Drugstore Cowboy and Hats On Beds
Those of you who have been following HAT BLOG posts will remember the short article where I discuss Cormac McCarthy’s The Crossing and the passage where Billy visits the Mexican man rumored to be a brujo and almost makes the serious mistake of putting his hat on the man’s bed. [You can still read this, “More on Hats and Cormac McCarthy", at the Hats and Literature link on the right. It includes a short explanation of the possible origins of this superstition.]

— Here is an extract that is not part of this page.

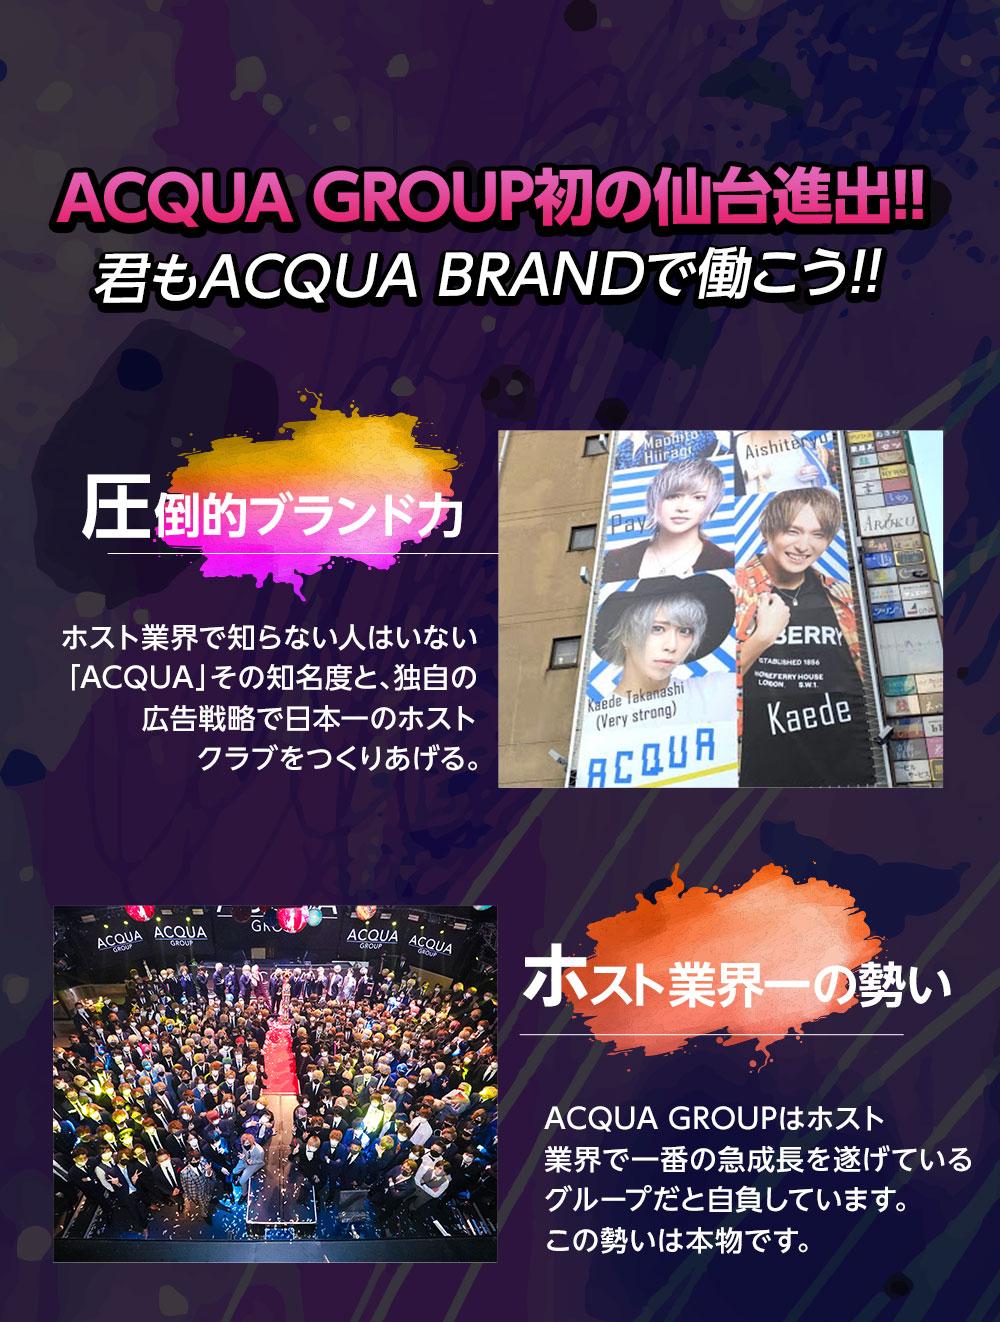 ACQUA GROUP初の仙台進出

What was a small reference to this old superstition in The Crossing is no less than a central theme and the turning point in the movie Drugstore Cowboy. After reading about the “hats on beds” superstition, a HAT BLOG reader asked me if I had seen Drugstore Cowboy and if not, that I was in for a big surprise. Boy, was he right. The drug addicted, paranoid, obsessively superstitious, main character so much feared the idea of hats on a bed that it drove him to murder [I think he killed her although I know it's debatable as she may have died from a self-inflicted drug overdose] when a drug heist goes bad and he discovers one from his gang had put her hat on a bed that day. This action becomes the movie’s turning point. Drug induced dream sequences featuring hats floating around, becoming larger and smaller, changing colors, etc. are an integral part of the film’s action demonstrating the power of this idea in the mind of the main character.
Not putting one’s hat on a bed may not be as iconic a superstition as not walking under a ladder, or not breaking a mirror, or doing one’s best to avoid a black cat from crossing one’s path, but to many, particulary those steeped in cowboy culture, it is to be taken very seriously.